Portals gather and present content from a wide variety of sources, making the assembled items and streams more valuable for users by reducing the costs of content discovery and acquisition. By placing diverse content into close proximity, specialized forms of portals such as the dashboard support knowledge workers in creative and interpretive activities including synthesis, strategy formulation, decision making, collaboration, knowledge production, and multi-dimensional analysis.

At heart, however, aggregation is a one-way flow. In the aggregation model common to many portals, content is collected, organized, and perhaps distributed for use elsewhere, but nothing returns via the same channels. Savvy users quickly see that the greatest value of aggregative experiences and tools lies in their potential contributions to two-way flows. They understand that experiences capable of engaging direct and indirect audiences transform portal and dashboard content into a broadly useful resource for communities of much greater scope and impact. Further, business staff and IT users comfortable in the new world of Enterprise 2.0, DIY / mash-ups and shadow IT now often create their own information technology solutions, assembling services and tools from many sources in new ways that meet their individual needs.

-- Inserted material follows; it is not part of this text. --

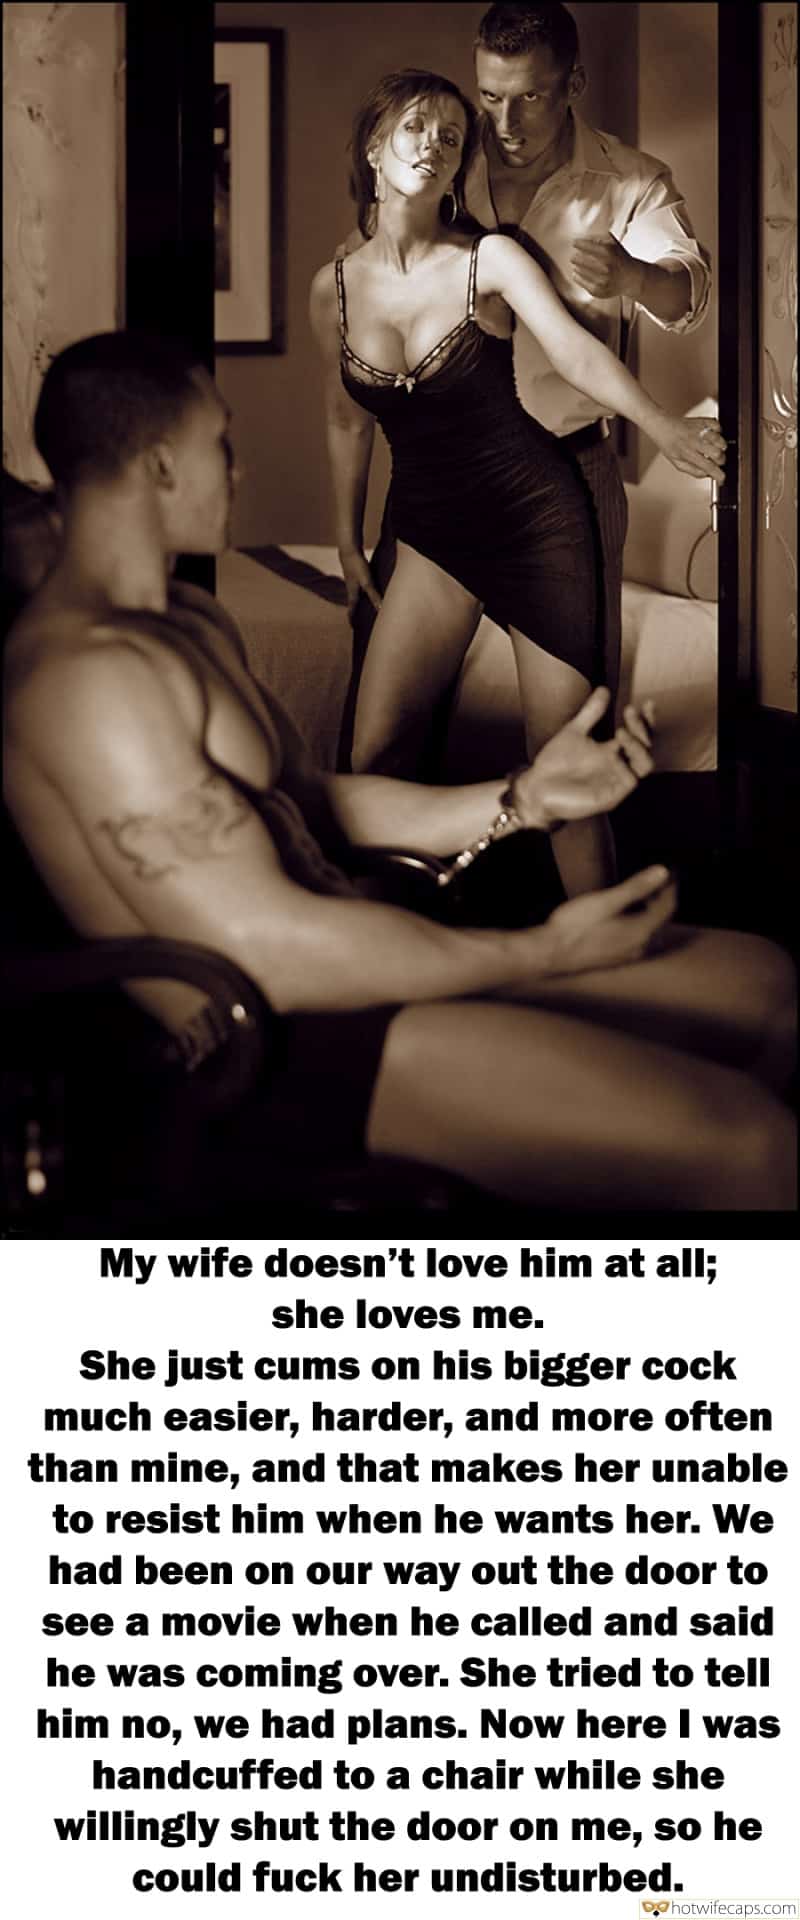 Bull Bigger Cock hotwife caption: My wife doesn’t love him at all; she loves me. She just cums on his bigger cock much easier, harder, and more often than mine, and that makes her unable to resist him when he wants her. We had been...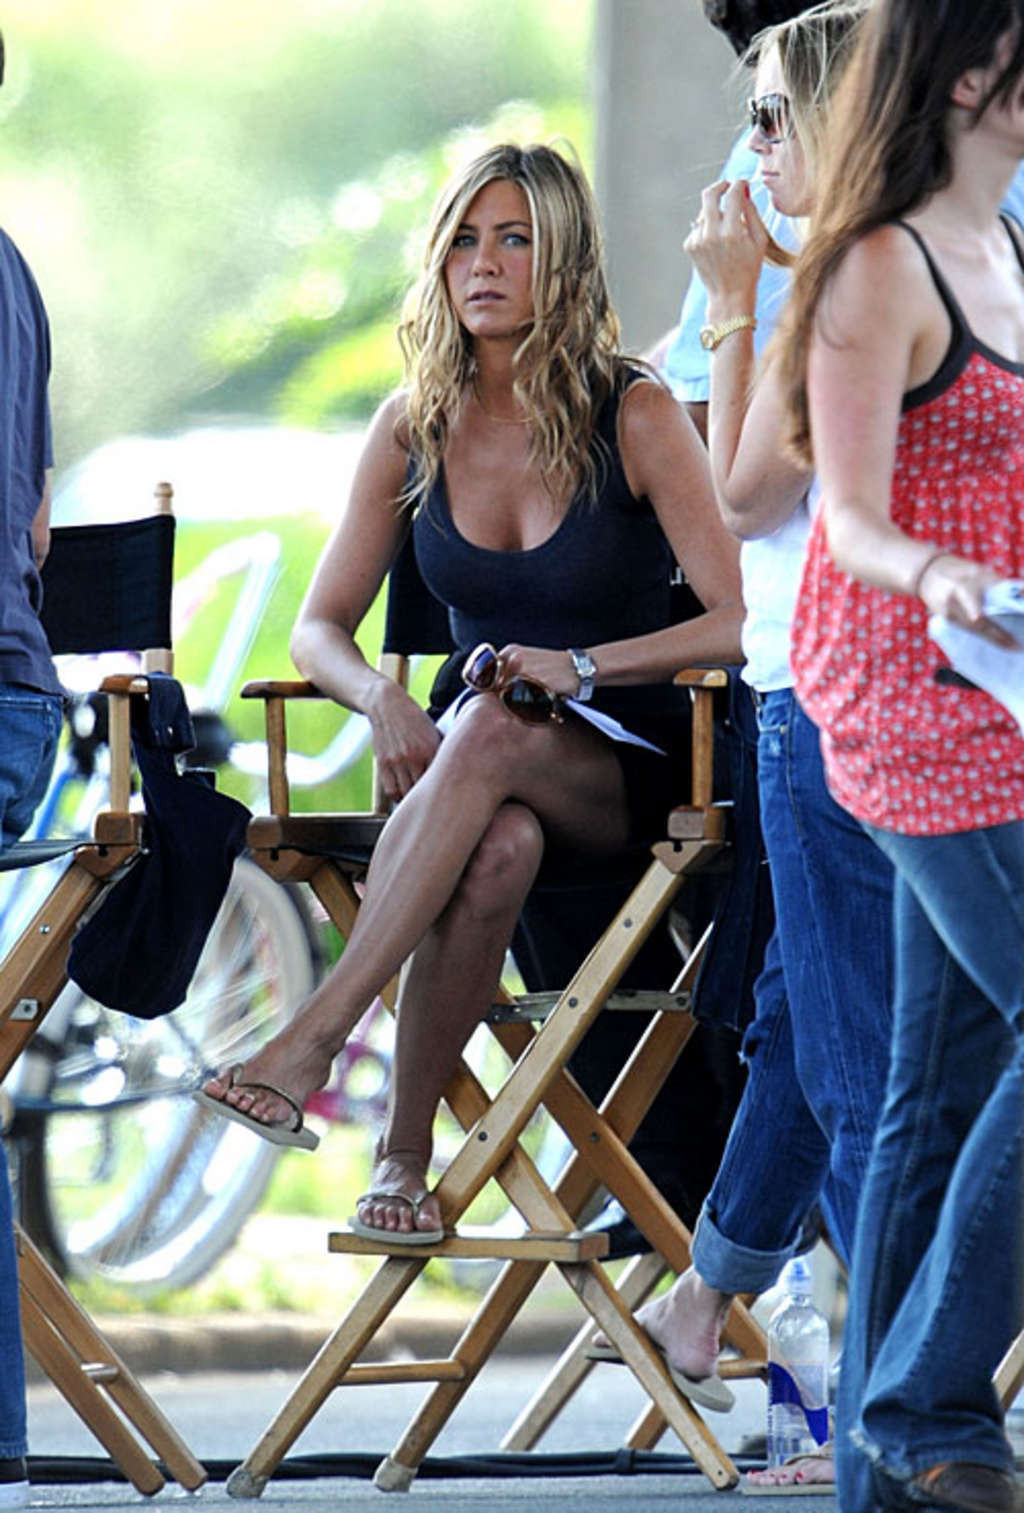 Jennifer Aniston almost upskirt and exposing her great tits and nice legs #75383871

Accordingly, portal designers should create experiences that support increased discussion, conversation, dialog and interaction, and allow for the potential value of remixing content in innovative ways. We might summarize a broad design vision for two-way portals that synthesizes these audiences, environmental factors and imperatives as follows:

  • Provide rich contextual information about the origin and nature of dashboard or portal content to users (context is crucial, especially in a fragmented and rapidly moving enterprise environment).

  • Improve the quality and consistency of the user experience of aggregated content.

  • Improve the portability of content, making it useful outside the boundaries of the dashboard.

  • Allow dashboard users to take advantage of other tools available from outside the immediate boundaries of the portal.

Operatively, this means providing two-way channels that make it easy to share content with others or even ‘take it with you’ in some fashion. The building block framework is ideal as a robust foundation for the many kinds of tools and functionality – participatory, social, and collaborative – that support the design vision of two-way flows within and outside portal boundaries.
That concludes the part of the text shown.